The New Wave of Foodservice Technology in Senior Care

Game on!

Want to help residents exercise their brains? Research shows that using activities that prompt individual parts of brain function can slow the development of dementia and improve daily quality of life. Games don't have to be complicated or expensive to be effective. Everyday objects, photographs and music can be used to keep residents' cognitive functions limber.

Matching games

Many activities that improve function in residents with dementia involve “memory matching.” Did you see that photo before? Can you match two exact images among a field of other images? How fast can the matching be done? These activities all exercise the occipital lobe, the temporal lobe the temporal sulcus and the amygdala parts of the brain, responsible for visual recognition and short-term memory. These are also parts of the brain that have the ability to recognize visual patterns, including faces and facial expressions.

 

Math games

Math exercises don't have to be complex to be valuable.

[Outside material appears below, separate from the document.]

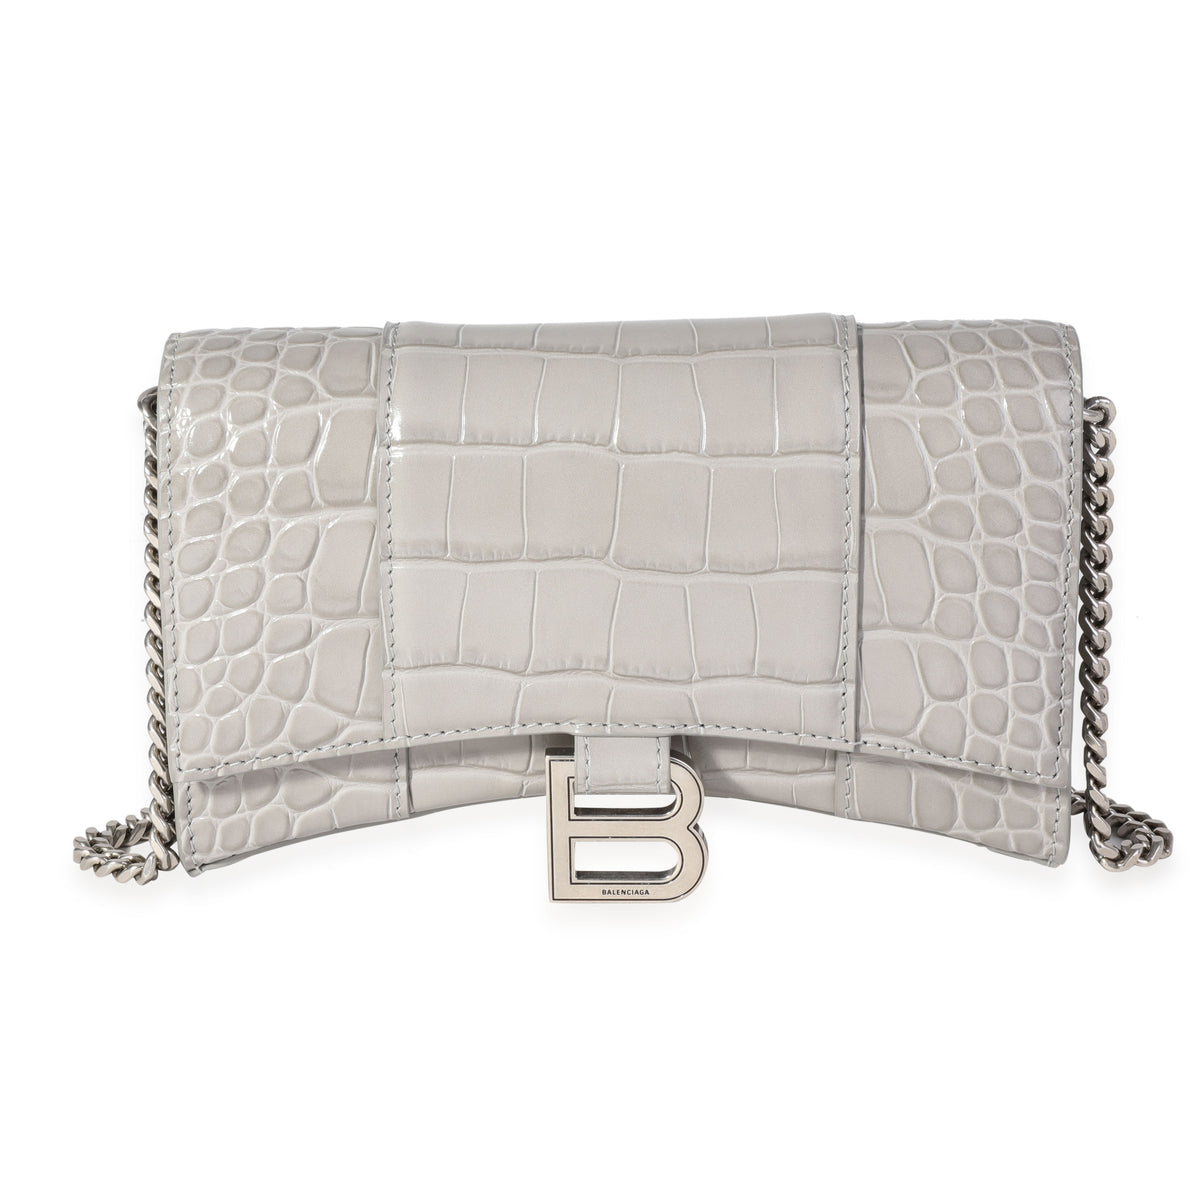 Balenciaga Grey Croc Hourglass Chain Wallet Bag Balenciaga

Math activities appear to use very specific parts of the brain, including the parietal, prefrontal and inferior temporal regions.  Asking residents to do simple math problems—and to complete them as quickly as possible—help to exercise these parts of the brain.

 

 

Category decisions

One of the key symptoms of dementia is the inability to put things in correct relational categories, says Joshua Freitas, M.Ed, CADDCT, CAEd, Vice President of Program Development at CERTUS Senior Living, who spoke on dementia interventions at the 2017 Spring IASC Memory Care Forum. “Showing them a picture of a lion and a picture of a kitten and then asking, ‘Which one of these would make the better house pet?’ tests their ability to choose a category based on the executive function part of the brain.” Decision-making activities exercise the frontal lobe of the brain as well as the temporal lobe and the prefrontal cortex.

 

Long-term memory function

Remembering things over longer spans of time involves the brain’s hippocampus, housed deep inside the medial temporal lobe. Studies show that this part of the brain is responsible for transferring memories from the short-term memory into the long-term memory banks. Activities that test a residents’ ability to recall facts or events from activities that happened a week ago or longer can exercise this part of the brain.